ESROM has 43 objects, 61 rules, and 4 fuzzy types (size, well-being, amount, and moisture). The researchers tested the system and verified the knowledge base on 30 hypothetical cases, and the results agreed well with the domain experts.

Looking Ahead

The results obtained by ABVAB are encouraging for the development of other medical expert systems based on Z-III, and the verification method for INDUCE36 introduces a new approach to the evaluation of medical expert systems. The multi-layer structure of ESROM demonstrates a way to handle complicated medical diagnoses and treatments.

In collaboration with Prof. Jack Cheng of the Department of Orthopaedics and Traumatology, Prof. Leung is working on another medical expert system for use in spinal orthopaedics.

Prof. Leung hopes that, with the rapid increase in the physical memory of the PC, more complex multi-layer expert systems can be developed by Z-III, and expert system applications can be more widely accepted in fields other than medicine.

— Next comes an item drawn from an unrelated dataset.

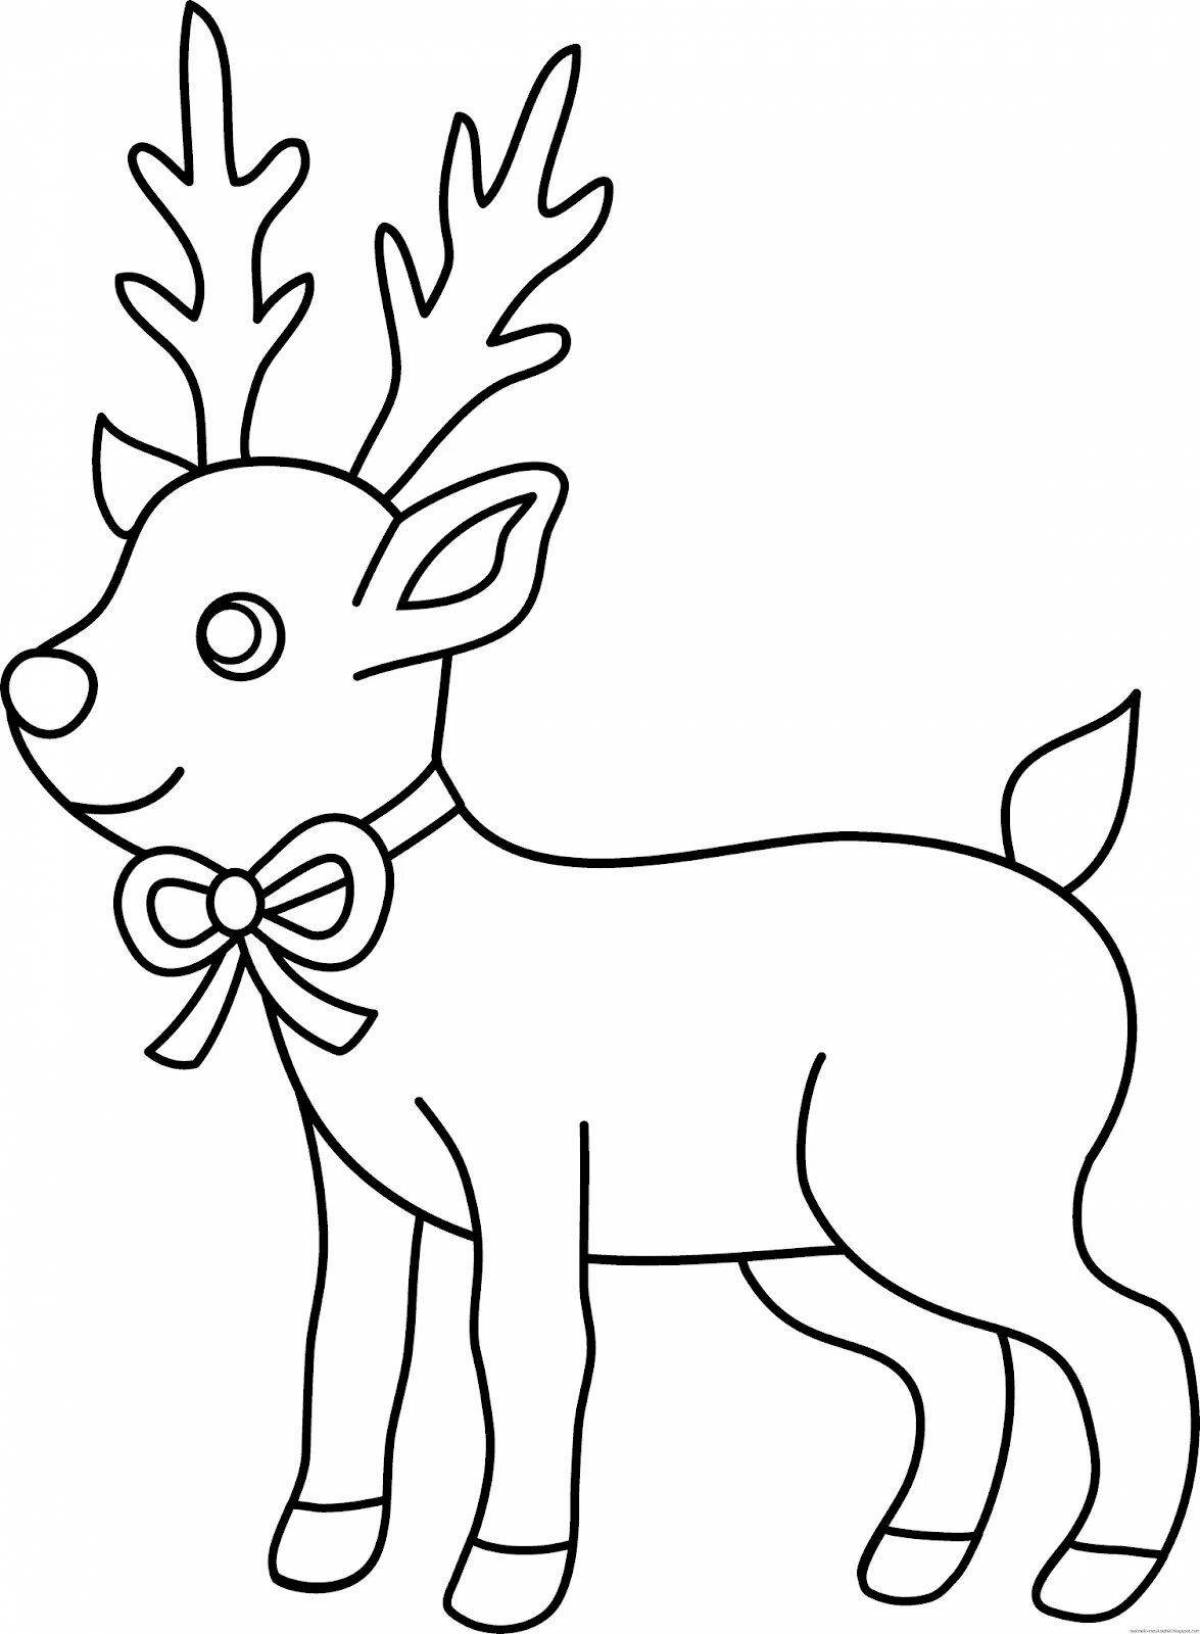 Exquisite Christmas deer

Prof. K. S. Leung graduated from the University of London with a B.Sc. (Eng) degree in 1977 and obtained his Ph.D. degree in 1980. He then worked for five years in England as a senior engineer/systems analyst, first at ERA Technology, then at the headquarters computer centre of the Central Electricity Generating Board. He is a member of IEE, BCS, and ACM, a senior member of IEEE, and a chartered engineer.
Prof. Leung's research interests cover knowledge engineering, expert systems, genetic algorithms and programming, automatic knowledge acquisition, Chinese processing, fuzzy logic applications, and AI architecture. Since joining The Chinese University in 1985, he has developed several novel expert systems and shells in various areas of application.
Prof. Leung is now professor in the University's Department of Computer Science and Engineering, and head of the graduate division of computer science.